PARP1 (poly [ADP-ribose] polymerase 1) gene encodes an enzyme that works by modifying nuclear proteins by poly ADP-ribosylation (15). PARP1 also binds with single strand breaks through its N-terminal zinc fingers and recruits XRCC1, DNA polβ, and DNA ligase III in the short patch BER pathway; and recruits XRCC1, flap endonuclease 1, and DNA ligase I in long-patch BER pathway (16). PARP-1 overactivation in response to extensive DNA damage results in necrosis (17-20). In addition to inducing necrosis, PARP-1 also has a profound modulatory effect on the inflammatory response. PARP-1 can form stable complexes with transcription factors such as p53 and AP-2 (21,22). PARP-1 can also act as a coactivator of NF-kb (21-23) and, therefore, may be involved in the induction of TNF-α. Polymorphisms resulting in altered activity in this gene could modulate cellular necrosis and altered inflammatory response and hence be implicated in the pathogenesis of GVHD.

These results also need to be confirmed in patients receiving non-alkylator based reduced intensity regimens where the observed higher risk associated with these SNPs should not be present.
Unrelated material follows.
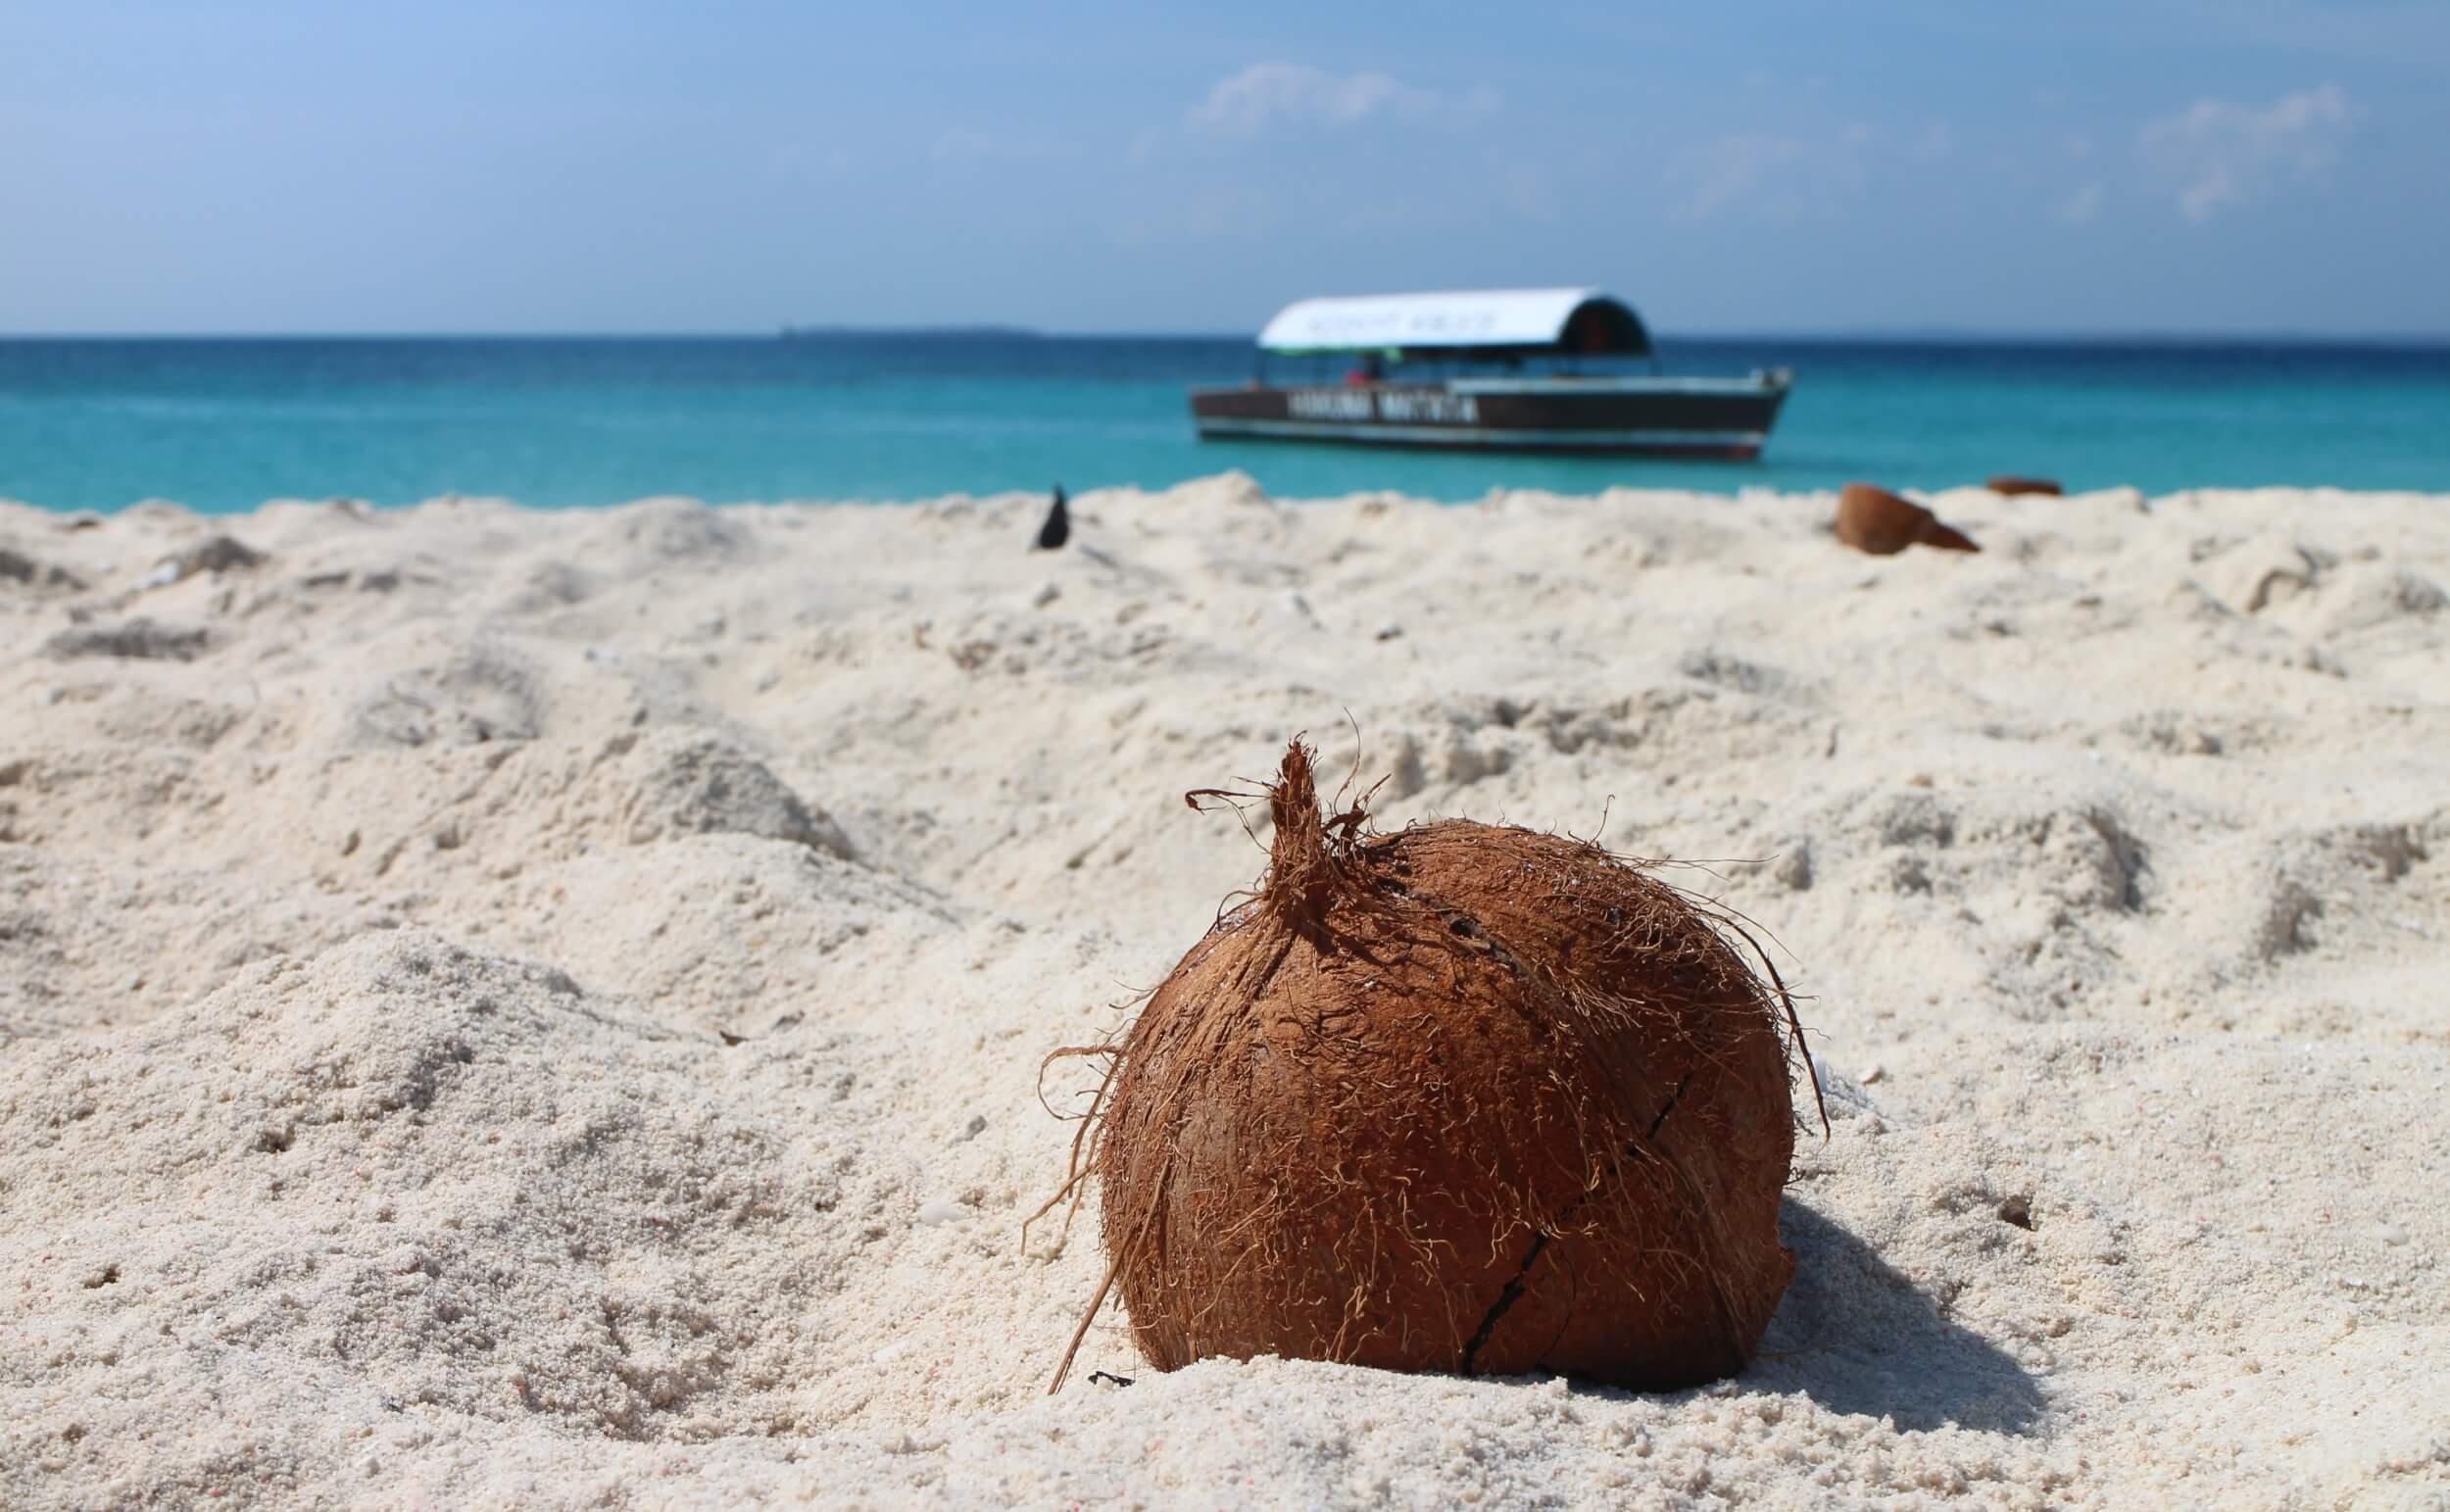 Urlaub am Sandstrand (c) koseb / pixabay.de

This analysis could not be performed in the current study as all conditioning regimens at our institution (myeloablative as well as reduced intensity) are alkylator based.
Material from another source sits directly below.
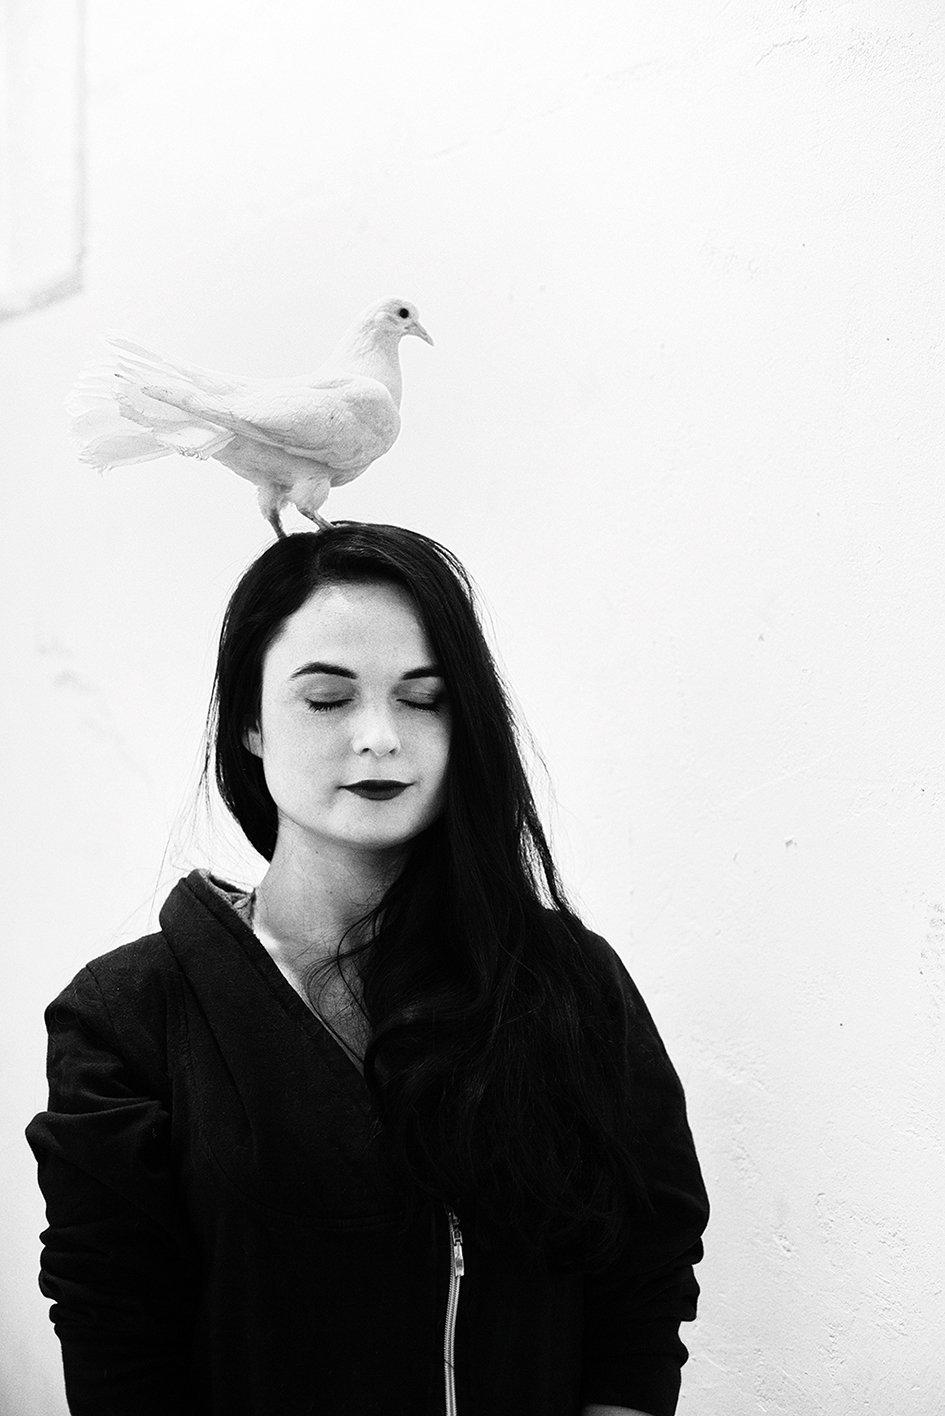 lucja_romanowska.jpg

Several studies have evaluated the impact of polymorphisms involving minor histocompatibility antigens, cytokine genes and innate immunity genes towards GVHD. A recent study reported a higher risk of acute GVHD when donor and recipient were mismatched for homozygous deletion of UGT2B17, a gene expressed in GVHD-affected tissues and giving rise to multiple histocompatibility antigens (24). Other minor histocomatibility antigens including HY, HA-1, HA-2 and HA-3 have been evaluated in the etiology of both GVHD and disease relapse (25-35). Polymorphisms in donor and recipient genes for cytokines have been demonstrated to be risk factors for GVHD. Tumor Necrosis Factor (TNF)-α, Interleukin 10 (IL-10), Interferon-γ (IFNγ) variants have correlated with GVHD in some, but not all, studies (36-39). Genetic polymorphisms of proteins involved in innate immunity, such as nucleotide oligomerization domain 2 and Keratin 18 receptors, have also been associated with GVHD (40). These studies provide support to the hypothesis that tissue injury and resulting cytokine release are implicated in the pathogenesis of graft versus host disease. Polymorphisms in DNA repair pathways in conjunction with other pathways could also be implicated by impeding or accelerating repair of injured tissue and hence affecting GVHD.
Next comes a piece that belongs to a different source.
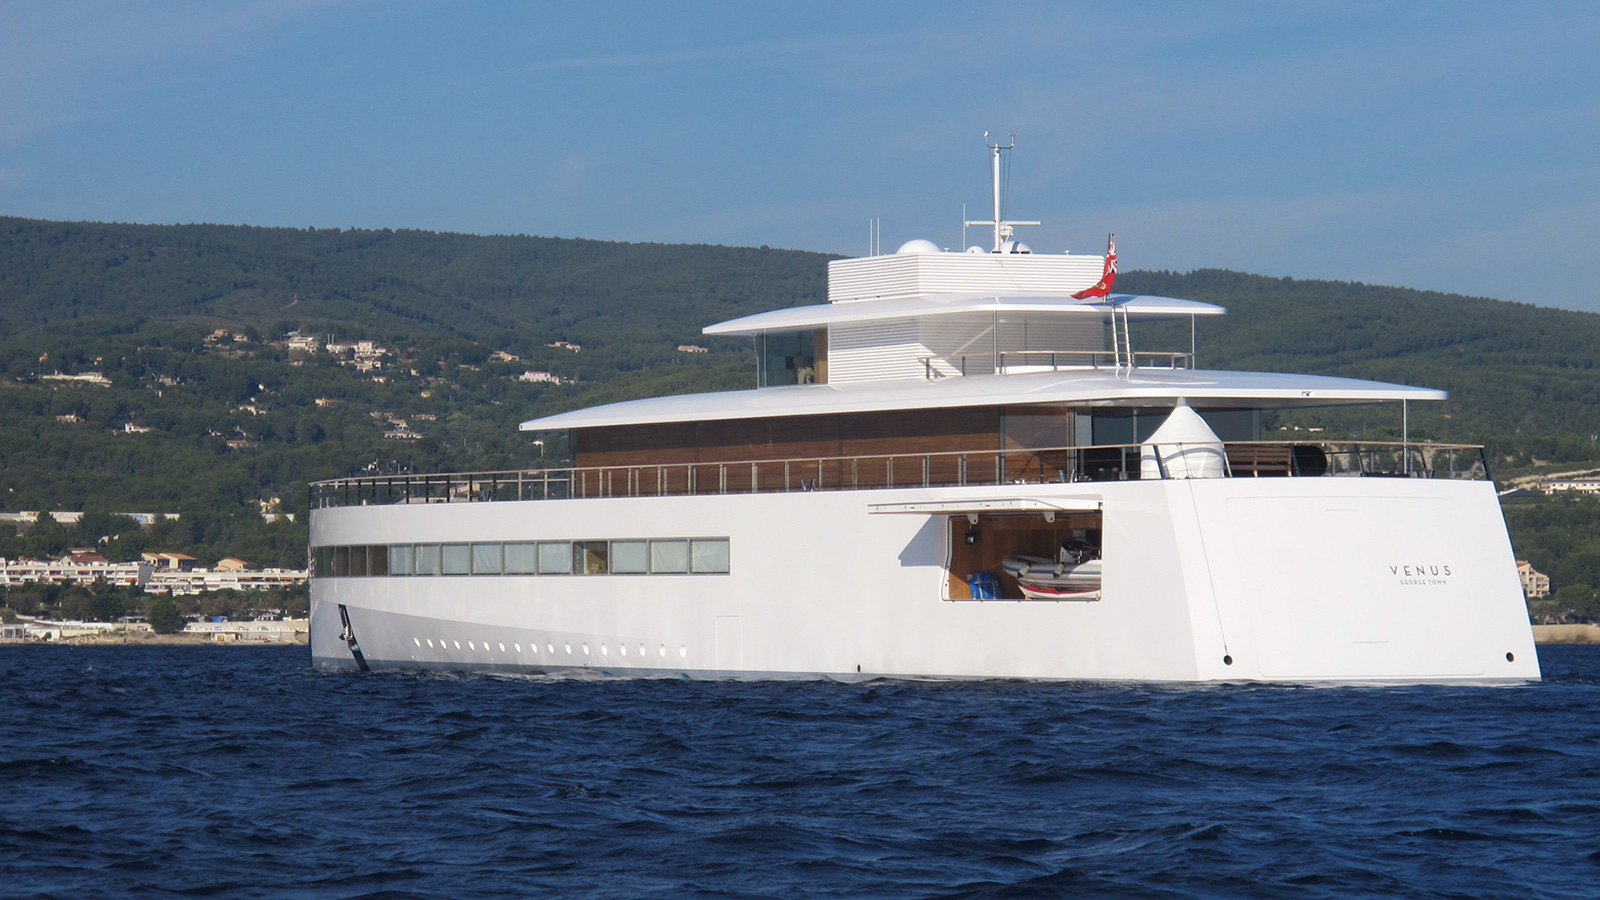 Venus Yacht Tender Garage

This study represents the first analysis of SNPs in BER DNA repair pathway towards acute and chronic GVHD. Our results are novel and hypothesis generating. If confirmed, they represent an important step towards understanding the pathophysiology of GVHD as well as identifying subgroups at high risk for GVHD towards whom novel prophylactic strategies could be targeted.